== Given information ==
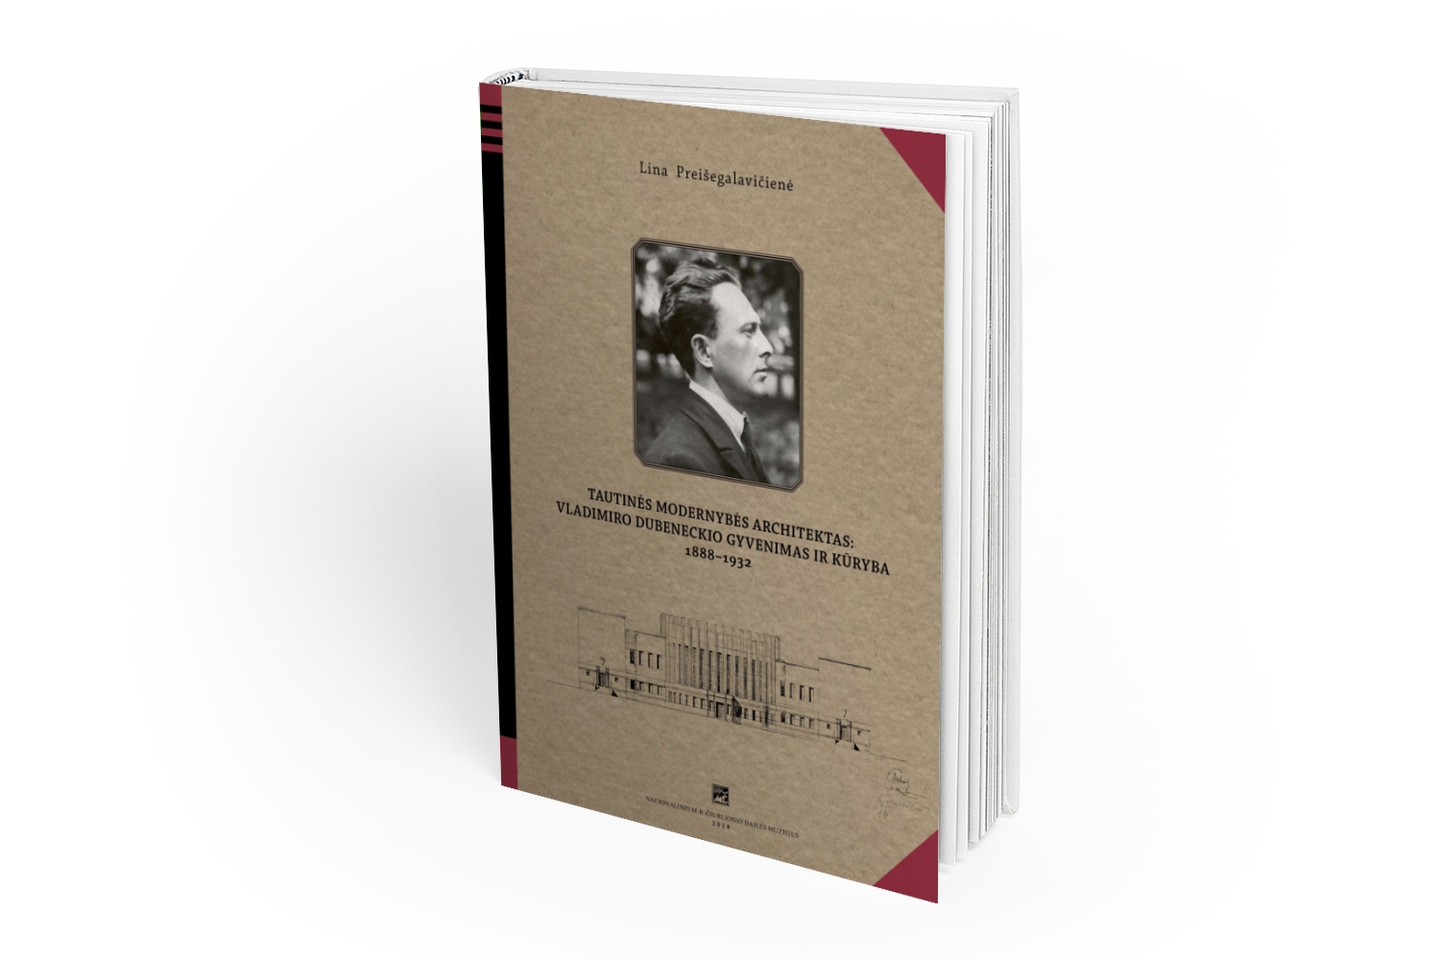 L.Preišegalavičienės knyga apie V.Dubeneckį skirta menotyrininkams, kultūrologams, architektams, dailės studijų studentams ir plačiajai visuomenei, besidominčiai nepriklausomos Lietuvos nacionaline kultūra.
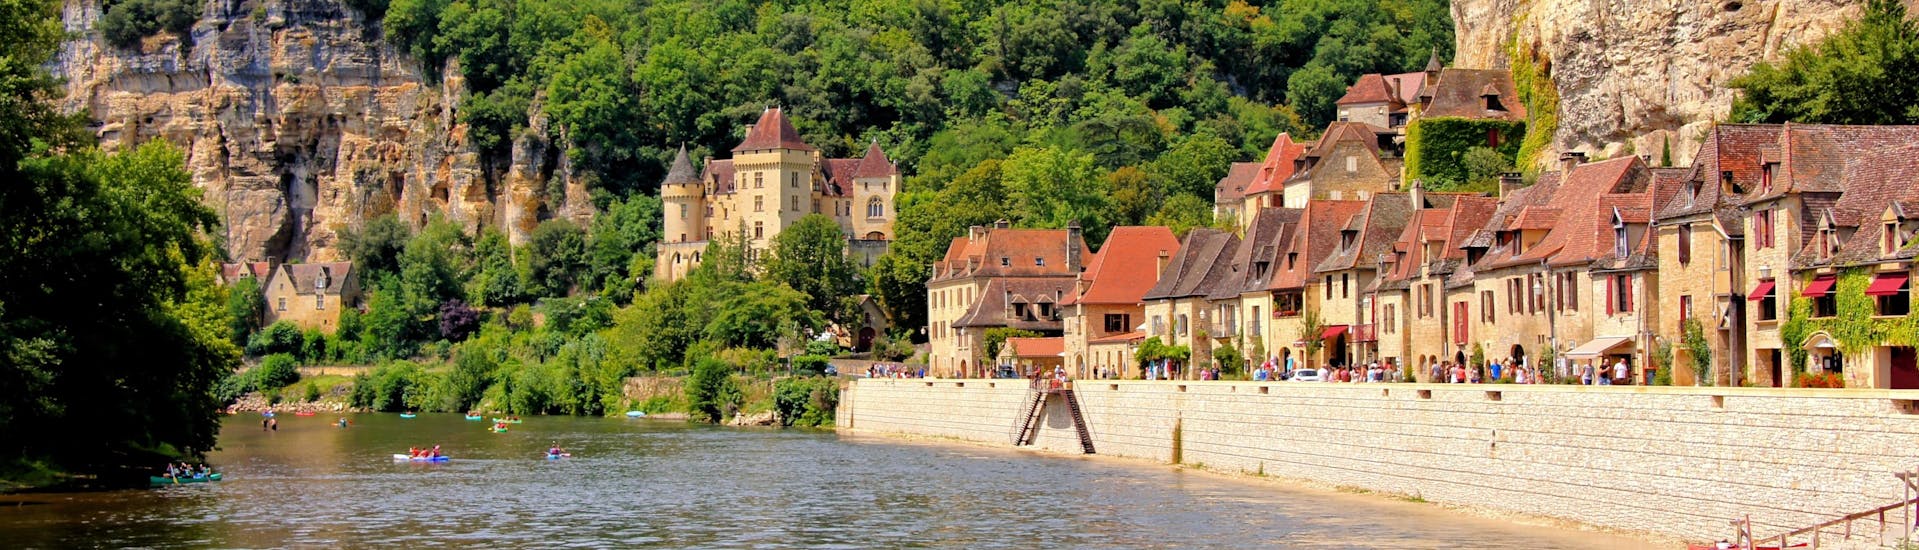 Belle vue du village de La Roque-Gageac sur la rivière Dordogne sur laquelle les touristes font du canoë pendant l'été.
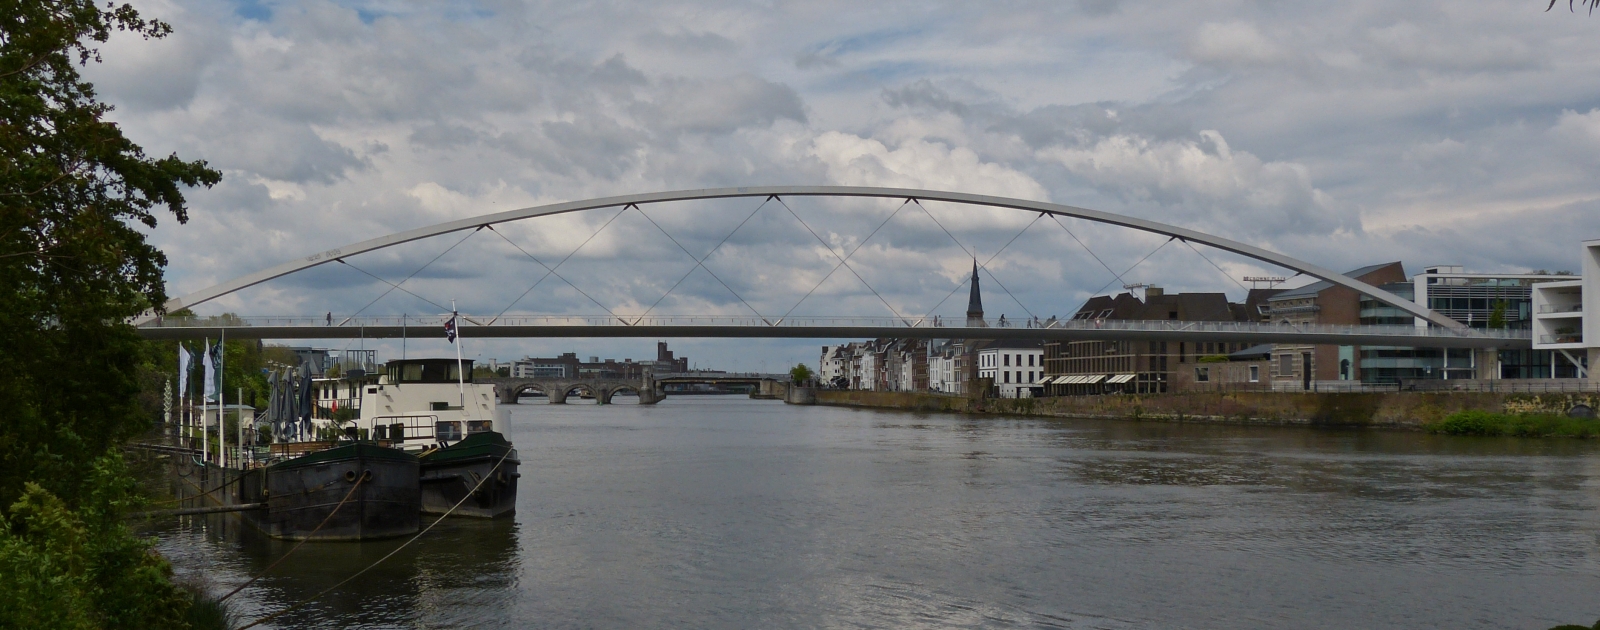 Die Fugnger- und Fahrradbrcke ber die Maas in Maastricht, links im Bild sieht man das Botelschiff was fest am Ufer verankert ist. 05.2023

== Work to complete ==
Word-for-word restatement: every line from the one with "Belle vue du" through the final line of the data, both ends included, pictures excluded.

== Answer space ==
 Belle vue du village de La Roque-Gageac sur la rivière Dordogne sur laquelle les touristes font du canoë pendant l'été.
 Die Fugnger- und Fahrradbrcke ber die Maas in Maastricht, links im Bild sieht man das Botelschiff was fest am Ufer verankert ist. 05.2023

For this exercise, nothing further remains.